There were footsteps, movement through the trees, and I wrapped my free arm protectively around her, gaze darting from tree to tree to find the threat.

Connor stepped into the clearing, in muddy jeans and shoes, a shirt rolled and snaked into his waistband. He must have picked up his clothes while searching for us. His torso was bloodied, punctures and lacerations tracking across his arms, his belly.

Relief crossed his face first—gratitude that I was alive. And then he looked closer, saw Carlie, my arm, her lips around my wrist.

His mouth opened, but he didn’t speak, just stared at us until, I guessed, he could comprehend what he was seeing. It would have been a shock, I knew. A horror, probably, to see the girl he considered a little sister bloodied in my arms.

And to watch her drink.

But we were on a schedule, and there was no time to waste. So I had to add insult to injury and hope we’d find our way out the other side. Because while I understood the process, I wasn’t a Master, and Carlie deserved more than my inexperience.

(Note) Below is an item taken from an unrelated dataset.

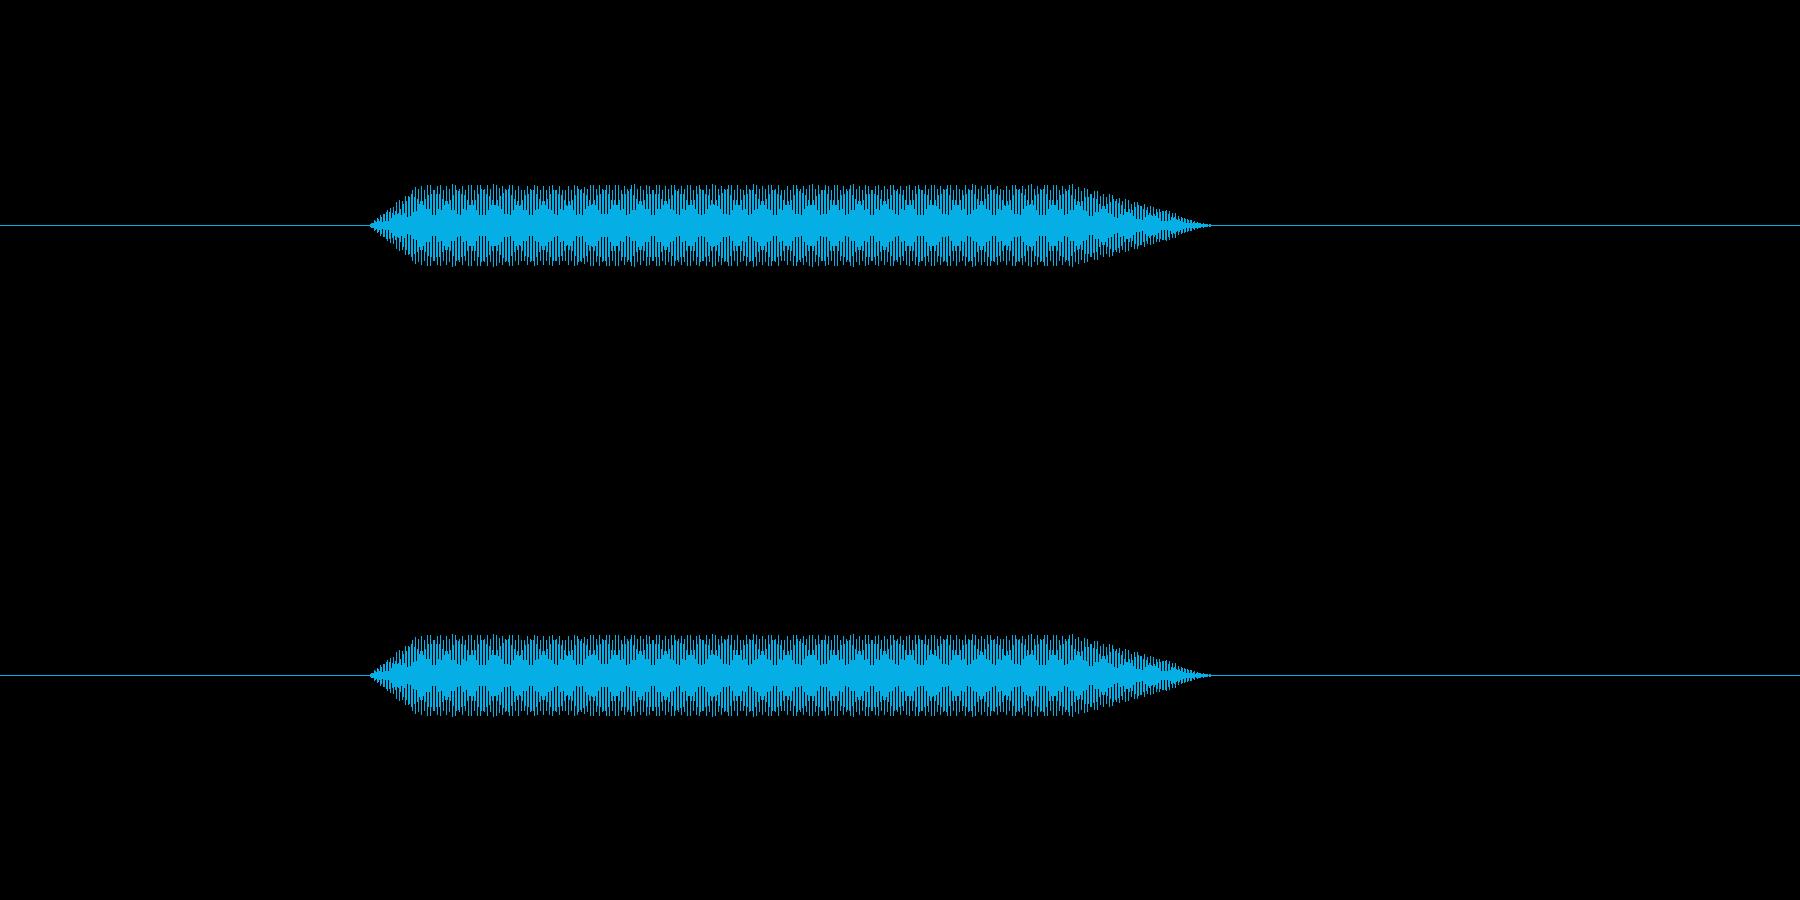 ピッ【カーソル音:シンプルで可愛い】の再生済みの波形

Fortunately, I now knew a vampire, a Master, a physician. I needed his help and hoped he’d be willing to give it.

“I need Ronan,” I told Connor. And hoped he could see the apology in my eyes.

* * *

* * *

  We waited until she stopped drinking, which took only another minute. She detached from my arm and fell back, limp; Connor scooped her into his arms and began to move through the woods.

That he wouldn’t let me carry her, despite the fact that I was fed and healing and he was still injured, was an arrow through my heart. Like he didn’t trust me not to do her further harm.

He didn’t speak, and the silence between us seemed to stretch and strengthen.

She’d survive, I told myself. That was what mattered—that the destruction the clan was wreaking wouldn’t claim another victim. And if Connor and I—the bond that had grown between us—didn’t survive, I’d have to live with that. But that didn’t stop the stutter of my heart or the pain that pierced it.

* * *

* * *

Connor didn’t need the trail to find his way back to the resort, and we made it back in ten minutes. There were shifters everywhere. Nervous, waiting, staring at the column of smoke, or attending to the injured shifters who’d limped their way back from the battlefield.